Uno marcha por el camino que le marca el entorno, quiere decir que los temas nacen de una situación que está pasando en ese momento. Cuando los militares dieron el golpe de estado acá, los que estábamos en París fuimos vigilados y entre las cosas que ellos nos hacían para atacarnos fue que me sacaron el pasaporte, entonces me quedé en París, tranquilo. Eso fue lo que ocasionó empezar a interpretar otra visión de lo que pasaba en Uruguay y en América Latina.
¿Su respuesta se tradujo a través de la pintura y la escultura?
Es esa actitud de describir y dar una especie de posibilidad de lectura, que la gente comprenda lo que pasa. El cuadro es una suerte de racconto que atrapa al espectador.
¿Usted dice que sus pinturas son para leerlas?
Sí, claro. Por ejemplo, el camioncito con los monos manejando, esa es la policía a la que llamábamos la chanchita y si se te ocurre abrir la puerta de atrás… ahí están los muertitos. Ese camión lo hice pensando en la gente que mataban acá y que desaparecía.
Pero ahora el mundo ha cambiado, ¿o sigue igual?

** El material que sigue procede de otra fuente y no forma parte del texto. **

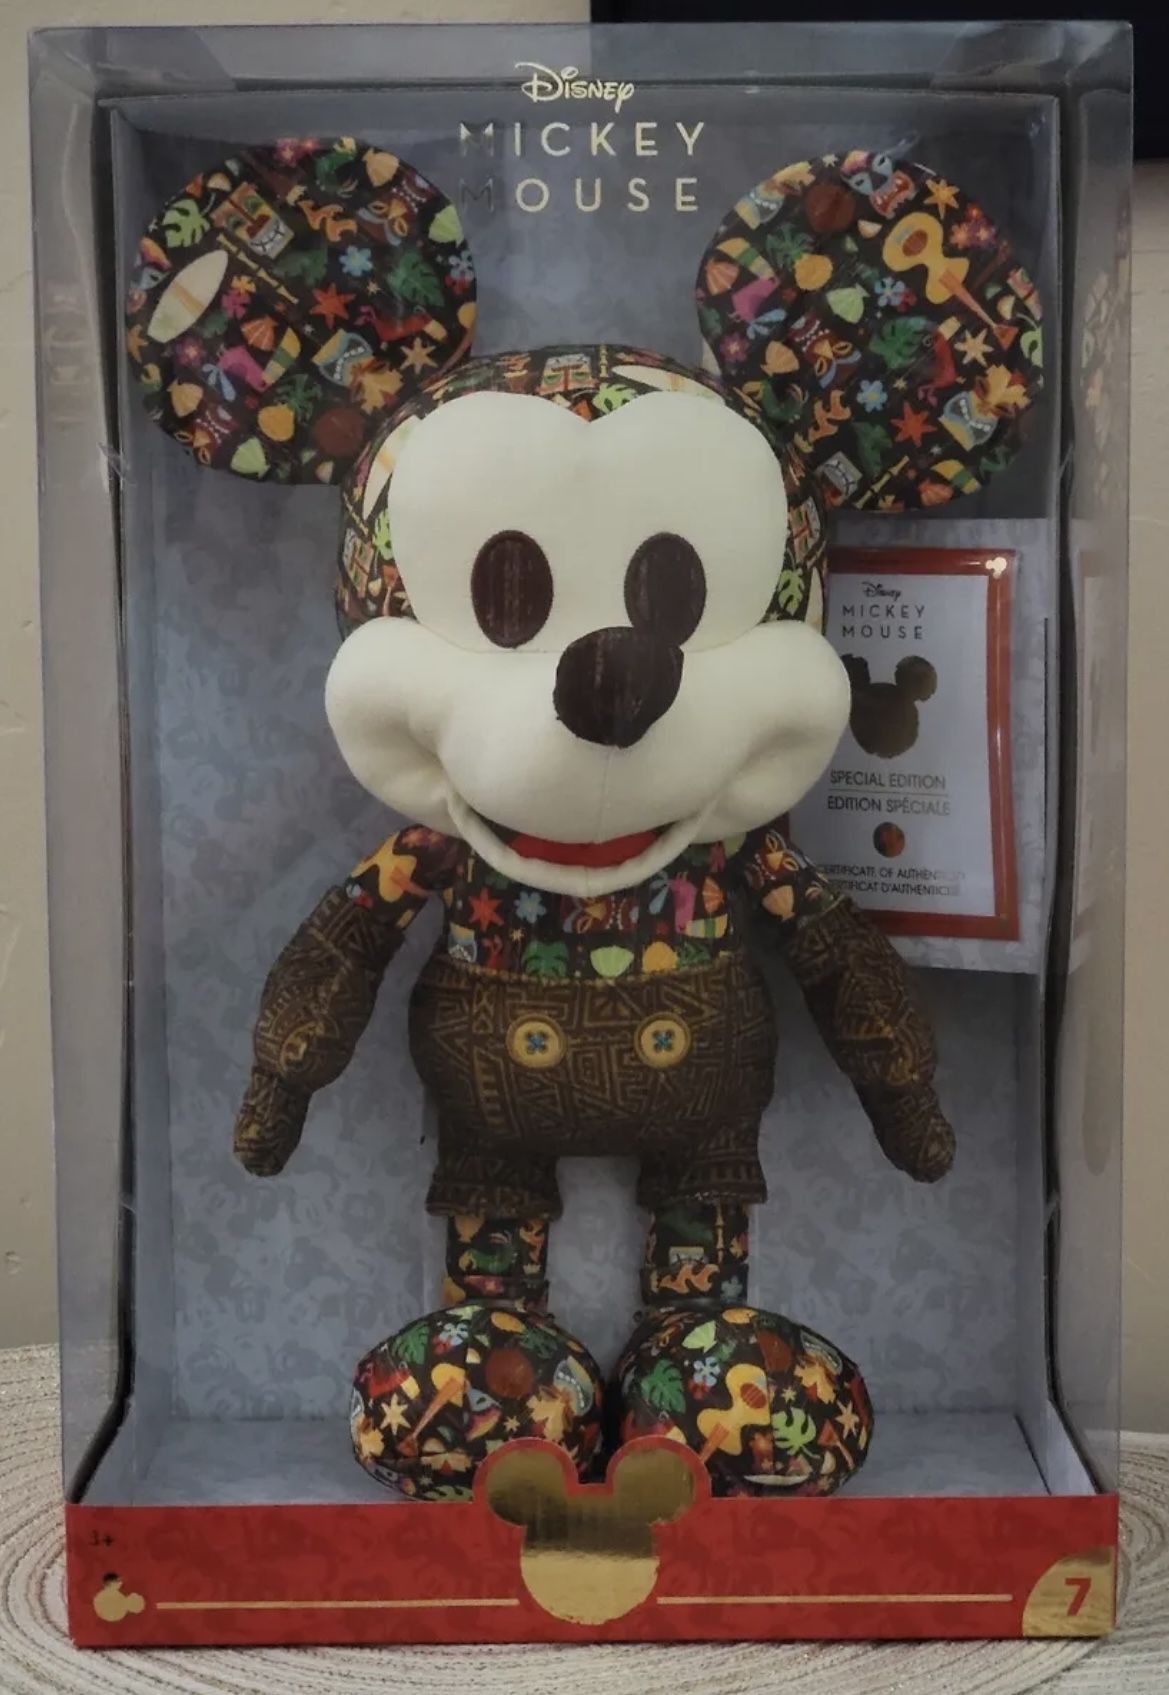 Tiki Mickey Mouse 16” Plush *BRAND NEW MINT* Amazon Exclusive Disney’s Year of the Mouse July Collector

Evidentemente el mundo ha cambiado pero sigue igual la estructura general del dominio, sigue el imperialismo económico, esto otro queda atrás pero queda como testigo, como algo que fue, espero que aquello no vuelva.

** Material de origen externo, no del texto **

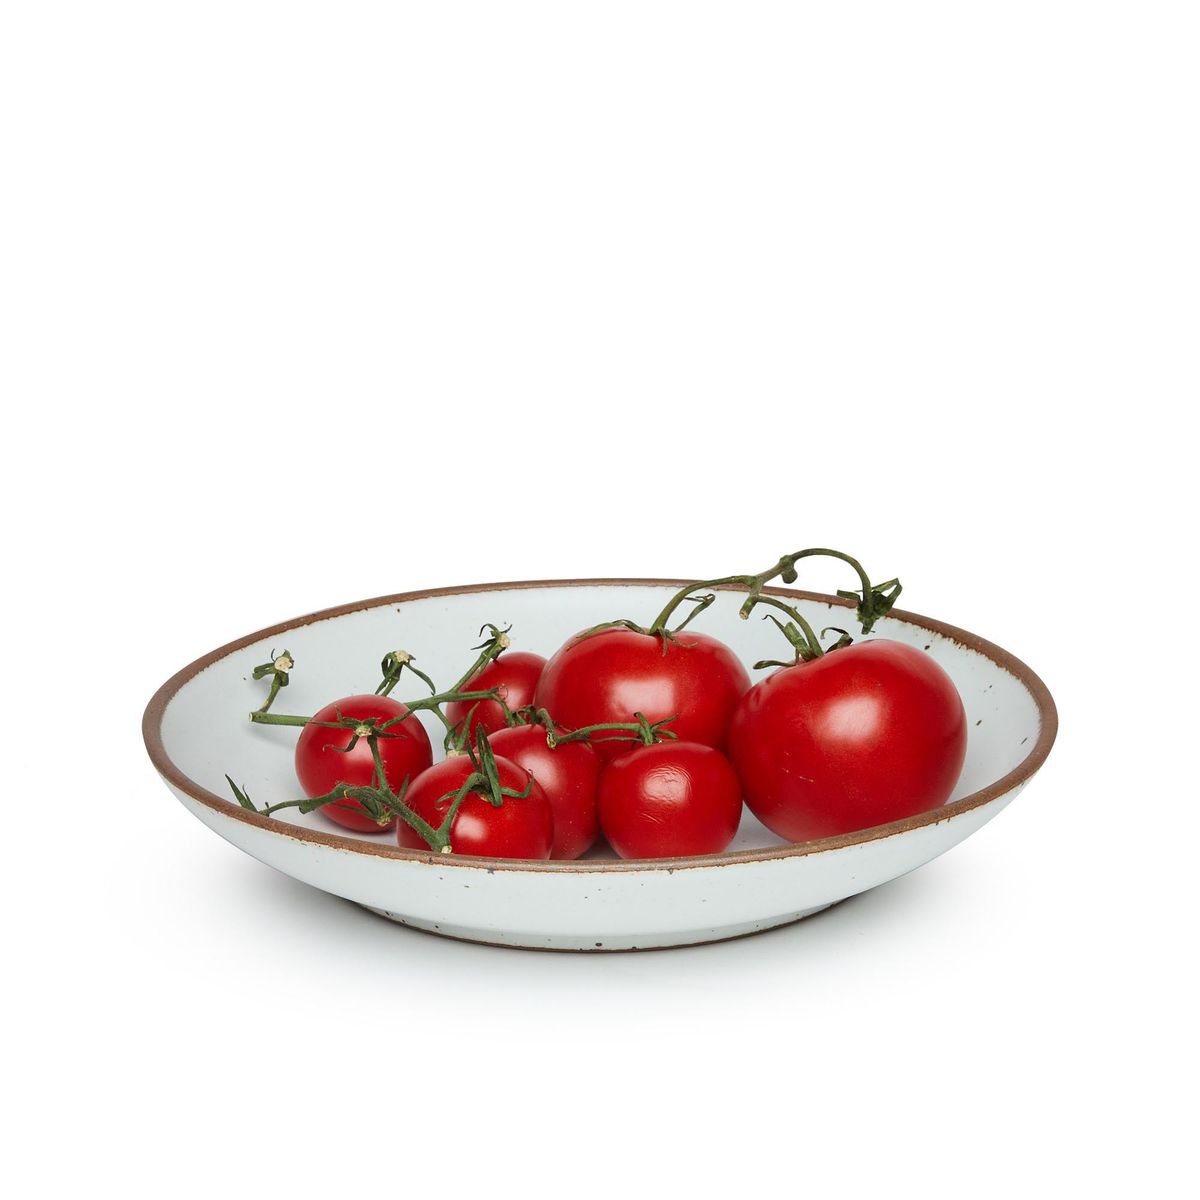 A large ceramic plate with a curved bowl edge in a cool white color featuring iron speckles and an unglazed rim, filled with tomatoes

Camión, 1972. Metal y zinc. Colección MNAV Los que visiten su exposición en el Museo de Artes Visuales podrán reflexionar bastante.

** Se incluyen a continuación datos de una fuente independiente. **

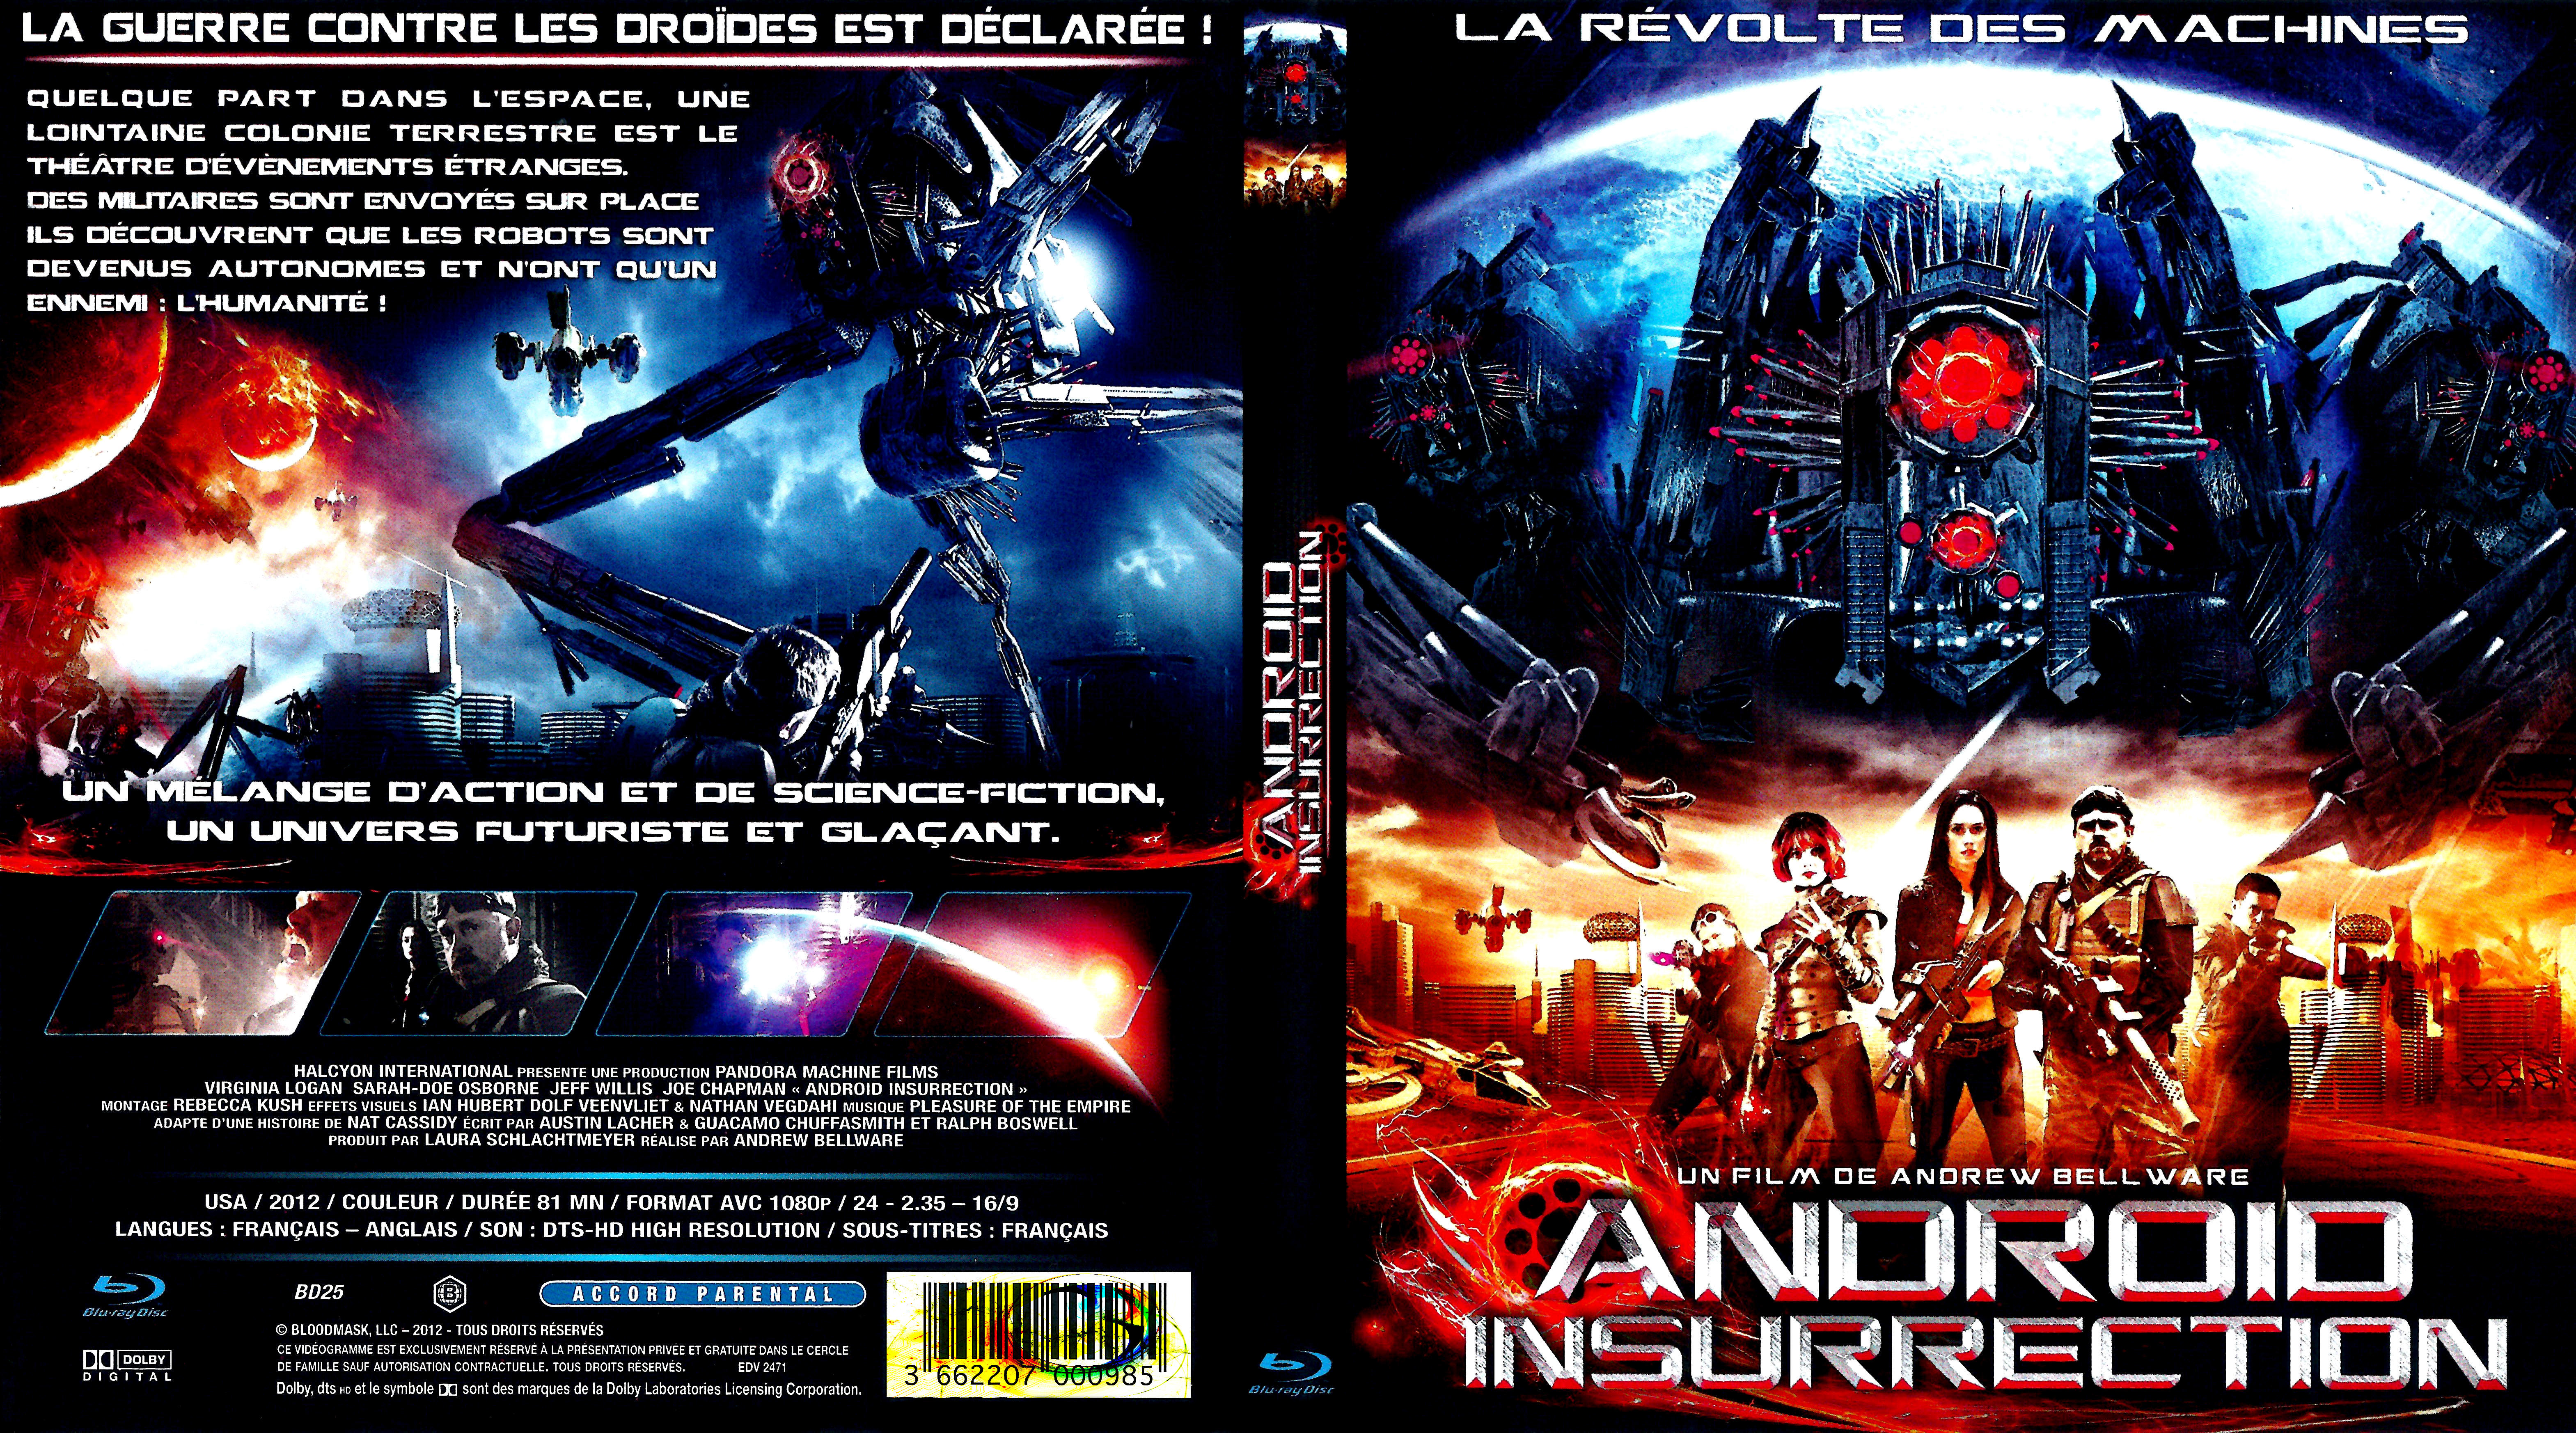 Jaquette DVD Android insurrection (BLU-RAY)

Bueno, ese es uno de los propósitos y otro sería que desarrollen su sensibilidad y puedan ver otra forma de hacer un cuadro. Tal vez después de ver la exposición se pongan a pintar, ¿quién sabe? En mi pintura hay todo un proceso de transformación. Hay cuadros que surgen a partir de una fotografía, de una historia o al leer sobre situaciones que me motivan. Mi carrera se fue desarrollando hasta la selva en el estado actual. Por ejemplo, en el cuadro Five minutes before, de 2006, está el barco que carga la mercadería por los ríos y al mismo tiempo se ve a los indígenas pescando en sus canoas como lo hacían antes. Después está la sed de los animales, la vegetación, las plantaciones, el desarrollo de la ganadería y más lejos están los que controlan armados con las grandes camionetas y con los perros. Quiere decir que también hay una violencia.
En muchos de sus cuadros se ve esa violencia o alguien que está siendo vigilado o acosado, sin embargo, no causan rechazo
Sí, sí, yo he abordado todas las posibilidades de la represión, me quedan todavía... Este cuadrito de acá con el ferrocarril (Al sur, 2010) está sacado de una foto, transformada evidentemente. Es un ferrocarril que pasaba entre las montañas en Brasil. Después encontré un motivo de hacer un cuadro tranquilo, pero siempre pensando en reproducir algo que está sucediendo ahí. Lo siento y trato de describirlo. Siempre hay una historia que desarrollar.
El cuadro que tenemos detrás nuestro, God save America, es una de las 31 obras que donó al Museo de Artes Visuales.
Ese cuadro resume toda la exposición. Tenemos las canillas de petróleo que están desbordadas, se hace lo que se quiere con el petróleo pero al mismo tiempo hay represión y hay ayuda para el progreso, pero ¿qué progreso? La violencia, ¿te das cuenta?, ese cuadro es todos los cuadros.